Appearing before the Senate blue ribbon committee for the first time since her appointment as new commissioner of the Commission on Audit, Heidi Mendoza said that in 2007 alone, over P54 million in PCSO intelligence funds were not liquidated after PCSO officials certified that there were no records on how the money was used.
“Until now, we cannot find the records. The previous chairperson certified that when they came in, the records were no longer in existence. We cannot find them.

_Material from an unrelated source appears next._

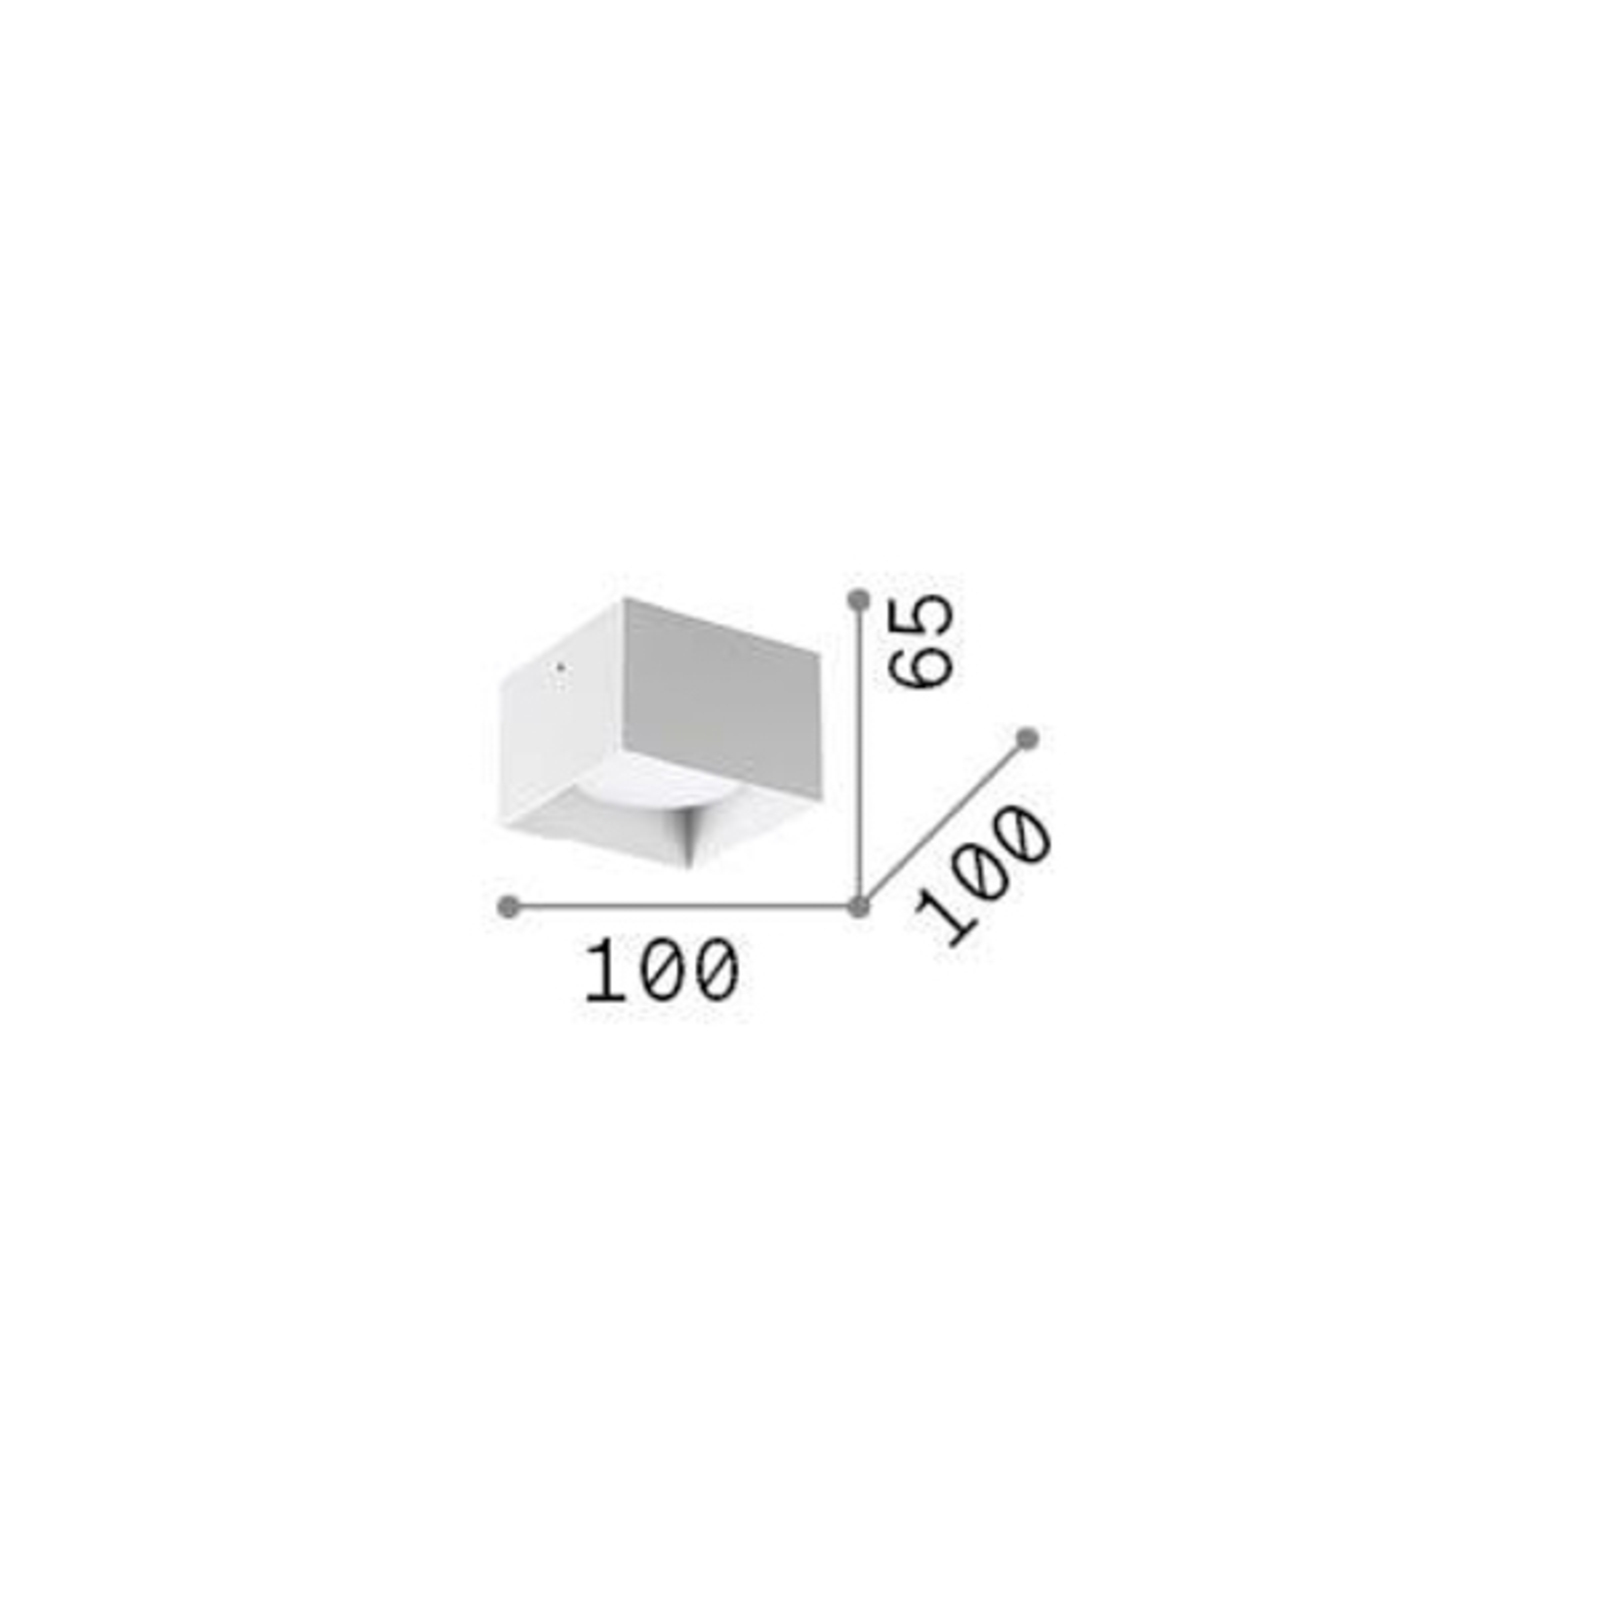 Ideal Lux downlight Spike Square, koperkleurig, aluminium, 10 cm

No credit advice was given,” Mendoza said.
Prior to Mendoza’s testimony, PCSO officials, led by its former chairman Sergio Valencia, and Rosario Uriarte, former general manager and vice chairperson, said that a large portion of the PCSO funds were used for “blood money” that was given to the Department of Foreign Affairs (DFA) for Filipino workers overseas who needed the government’s help.
But foreign affairs undersecretary Esteban Conejos, who was also invited to the inquiry, denied that the DFA received the “blood money” but confirmed that three checks of P5 million each were issued and which could have been given directly to the families of the OFWs concerned.
Referring to documents, Senator Franklin Drilon also said that P17 million was spent for an OFW that was facing the death sentence in Kuwait in 2009.
When asked who gave the order to the PCSO to use its intelligence funds for “blood money,” Uriarte, who is in hot water after she revealed in a previous Senate hearing that she personally brought requests for disbursement to then President now Pampanga Representative Gloria Macapagal-Arroyo in Malacanang, this time refused to answer.
She and Arroyo are facing plunder charges before the Office of the Ombudsman over the PCSO controversy.
“Kailangan ko pong ipagtanggol ang sarili ko [I need to defend myself],” Uriarte said, breaking down into tears.
In the same hearing, Drilon disclosed that from January-June 2010, which the senator said was “an election year”, Uriarte encashed P102.5 million at the Philippine National Bank, which Annabelle R. Fernandez , the bank’s sales and service head, certified in December 15 of the same year.
Uriarte again cited her right against self-incrimination when Drilon asked her where she brought the cash.
The senators also questioned the P116 million in intelligence funds that were spent in 2009, which Uriarte said were used to thwart “destabilization activities”.